Friday, April 2, 2010

my friends

I have one (as far as I know) practicing Catholic friend, whose second job is as a parish musician, leading the music for services. His Facebook status:

Crucified: check. Dead: check. Buried: check. Time for late passover with friends, and get ready for the most overtly pagan of catholic feasts of the year tomorrow night.

I love you people.

poor eating behavior

We had a free day yesterday, so after consulting my Lonely Planet book, I decided to get the hell out of Santiago and go visit Pomaire, a tiny little town known for selling ceramic cookware and good traditional Chilean food (I figured I'd probably have lunch and come back). This involved a one-hour bus to Melipilla, then a short micro (mini-bus) ride to Pomaire. The old woman who helped me figure out the right micro suggested I go to the restaurant El Parróne.

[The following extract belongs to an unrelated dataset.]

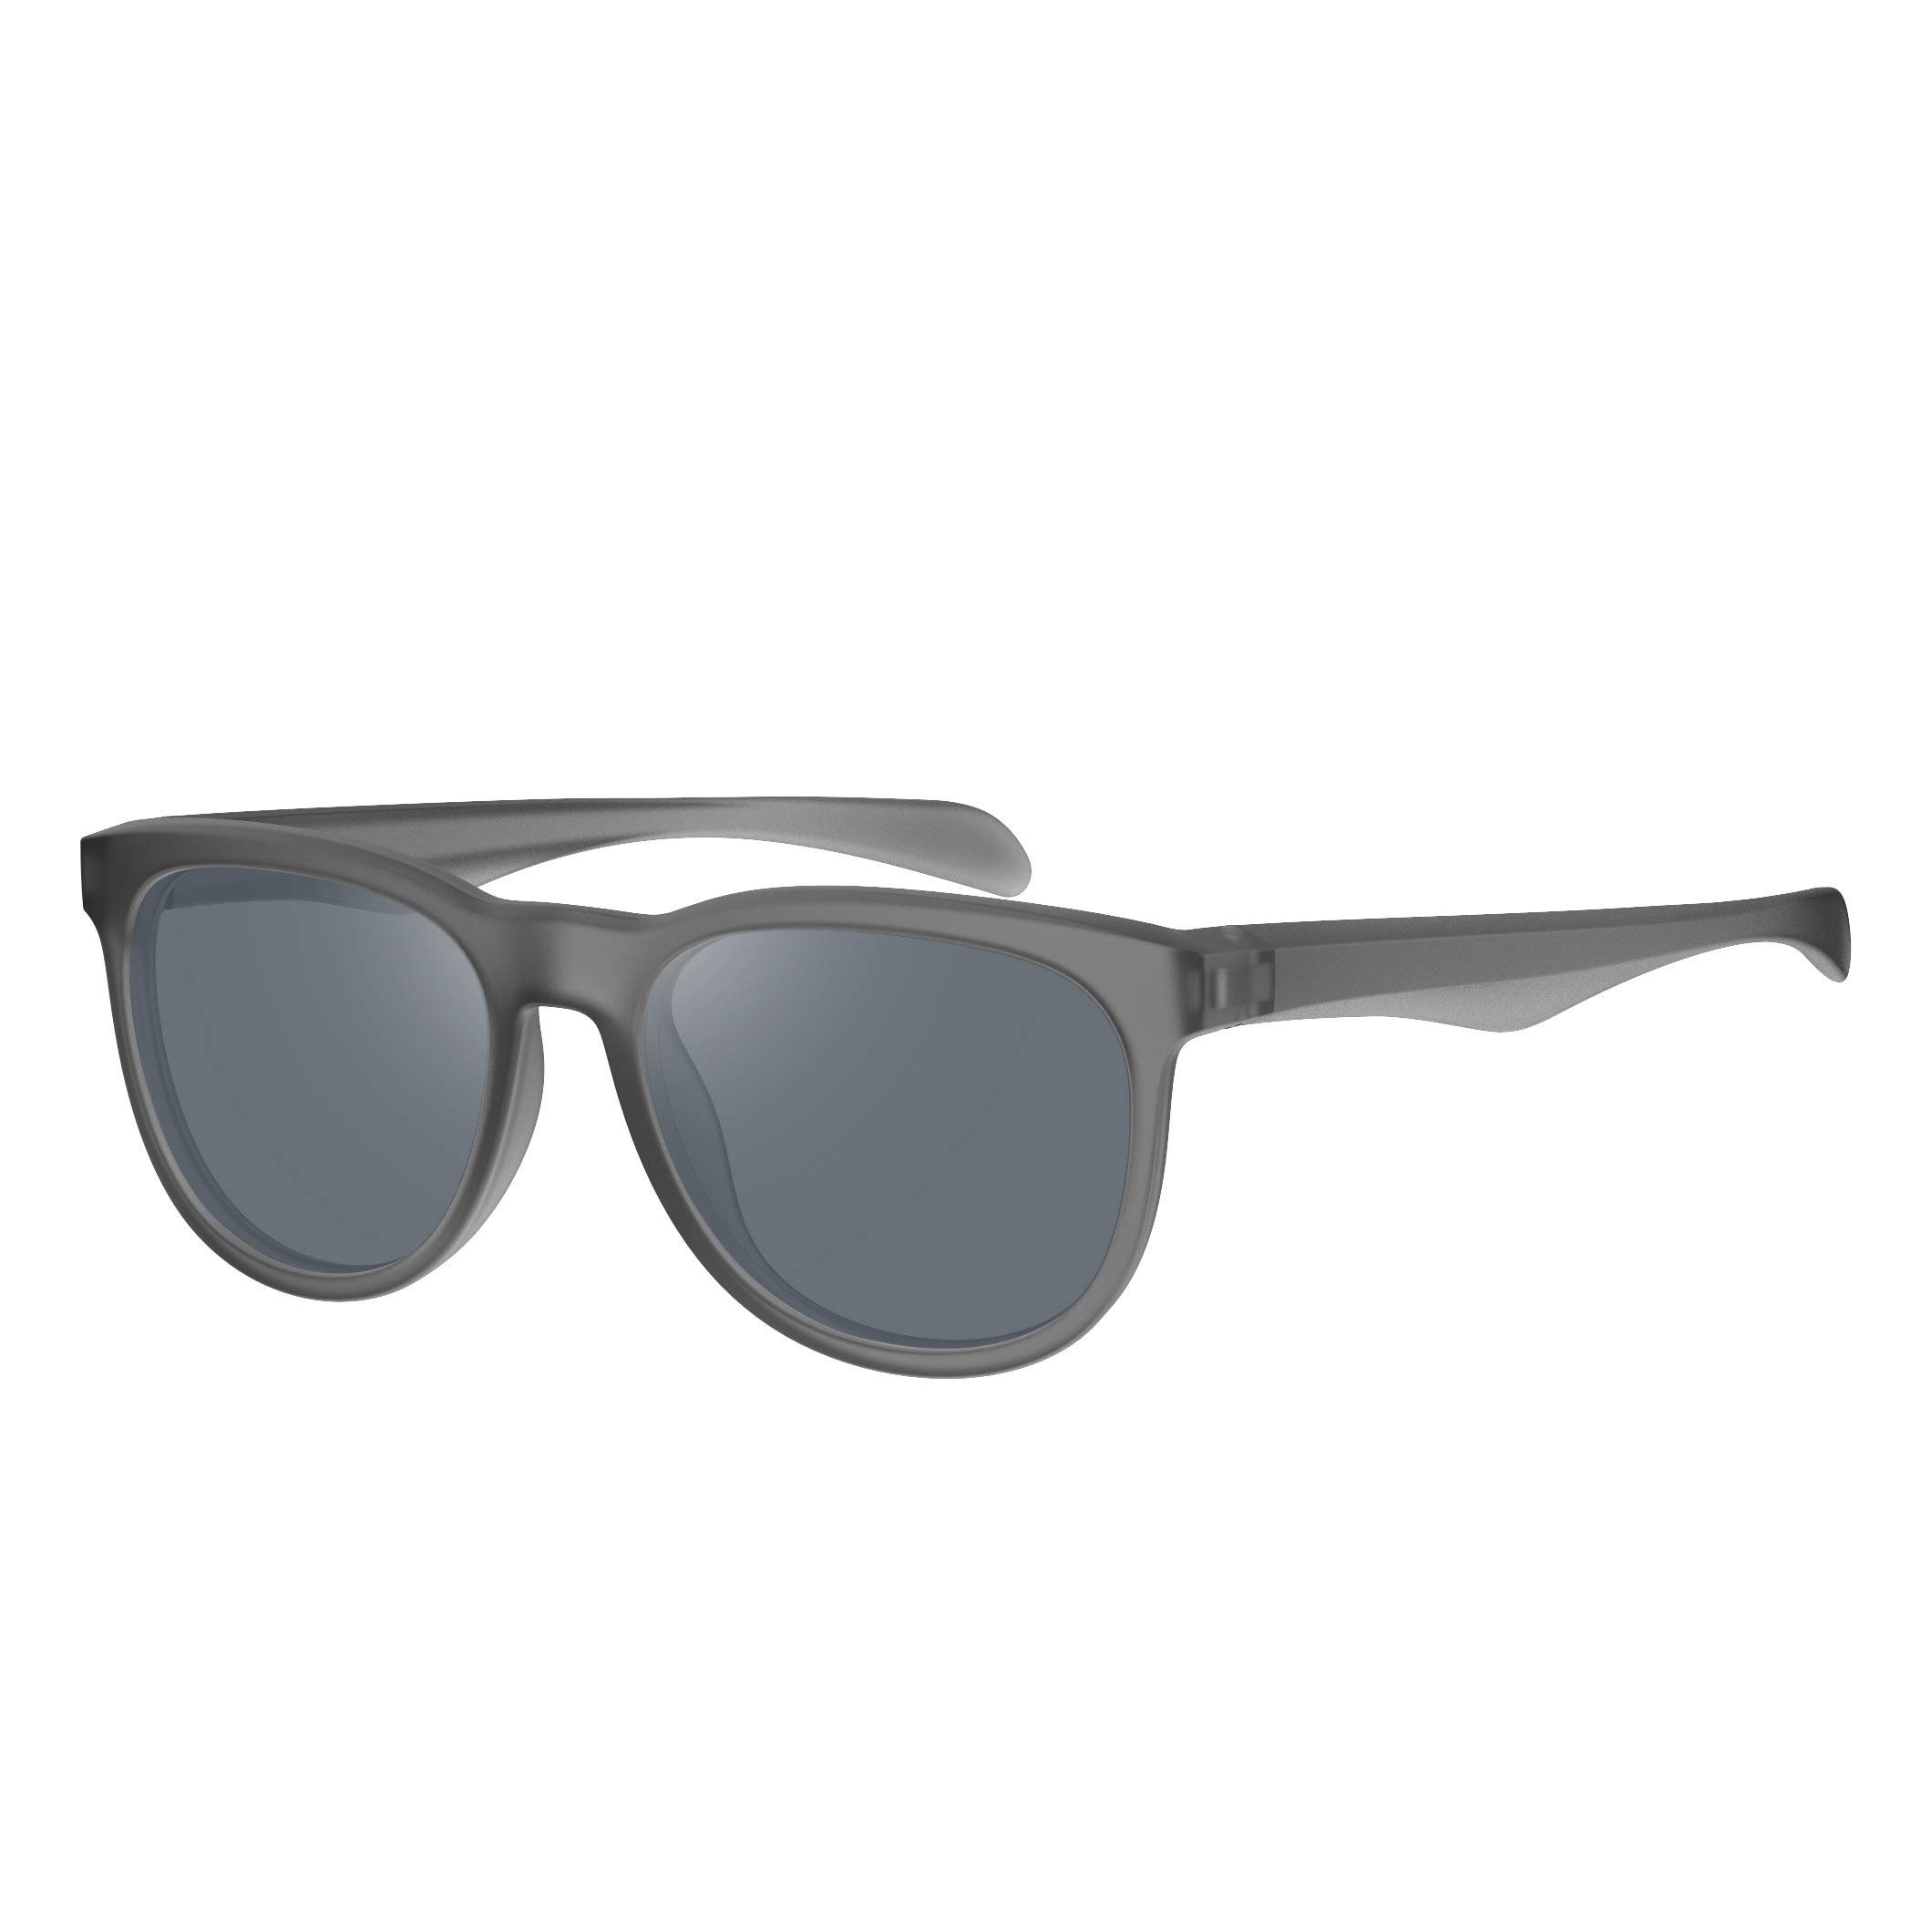 Elegear Sonnenbrille Polarisierte Elegante Brille (Panto-Form, Damen Retro) Grau | Sonnenbrillen
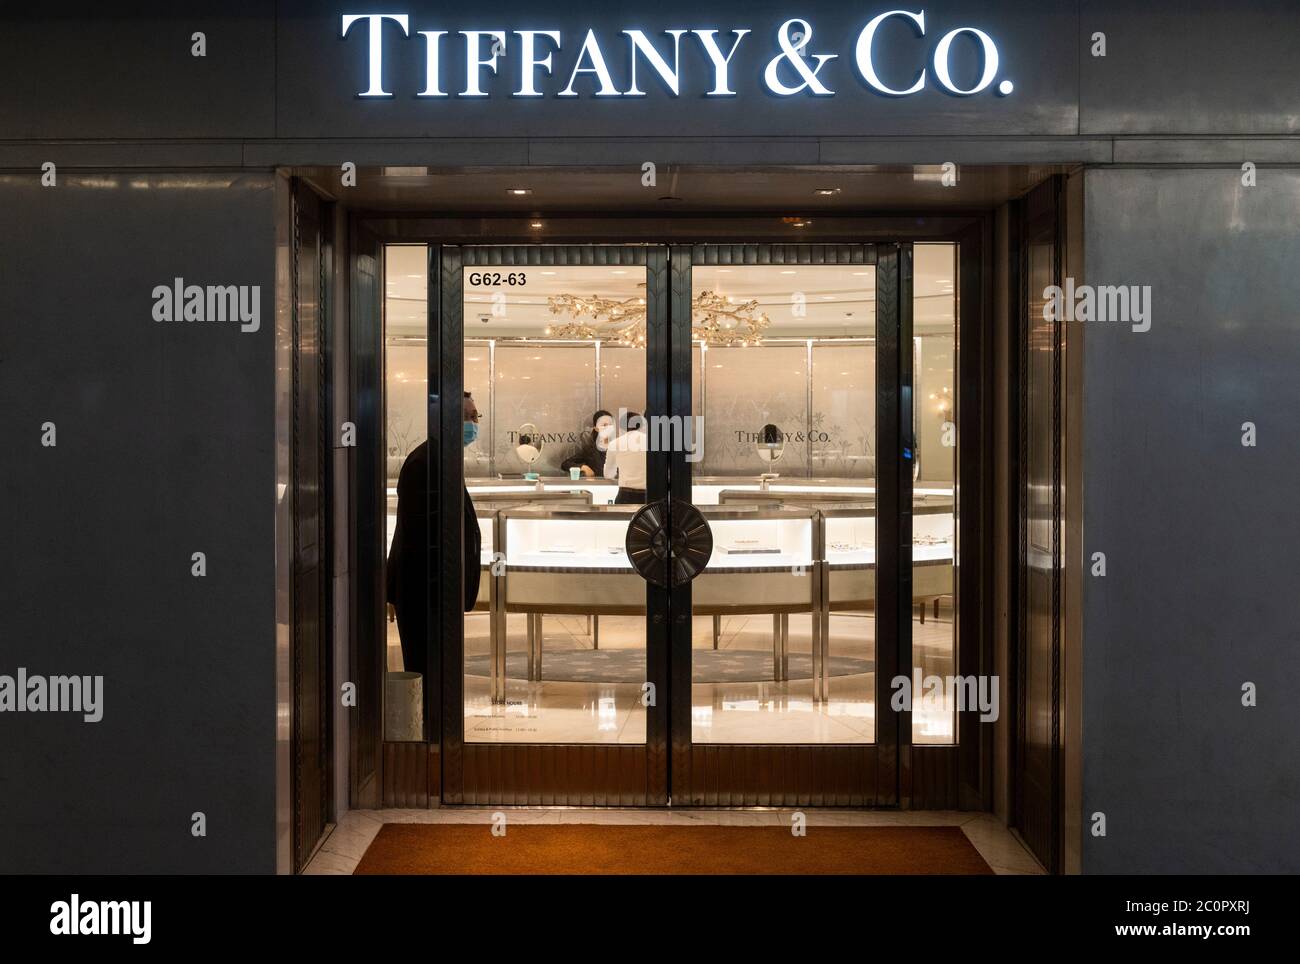 tiffany company store

I asked the guy what I should get, and he recommended the Cordero, which Jeremy says should be lamb, but I'm pretty sure was pork, slow-cooked over a fire. And I got a beer. And he brought me a pisco sour, on the house, which is where things went wrong, because I drank the pisco sour, and the beer, and I ate the whole pound or so of meat. It was delicious, but no one should eat that much meat.

It's hard to say what would have happened without the pisco sour, but somehow I went from "sober" to "mild alcohol poisoning" without any interval of "drunk". So that's had me slightly cranky and knocked on my ass for the past 24 hours--at least it didn't happen when I had actual stuff to do. I'm in the final recovery phases now (sadly, this has happened before), which means a couple of days of eating lighter food--luckily, it's Easter weekend and I went to the grocery store to feed myself for the next couple days anyway.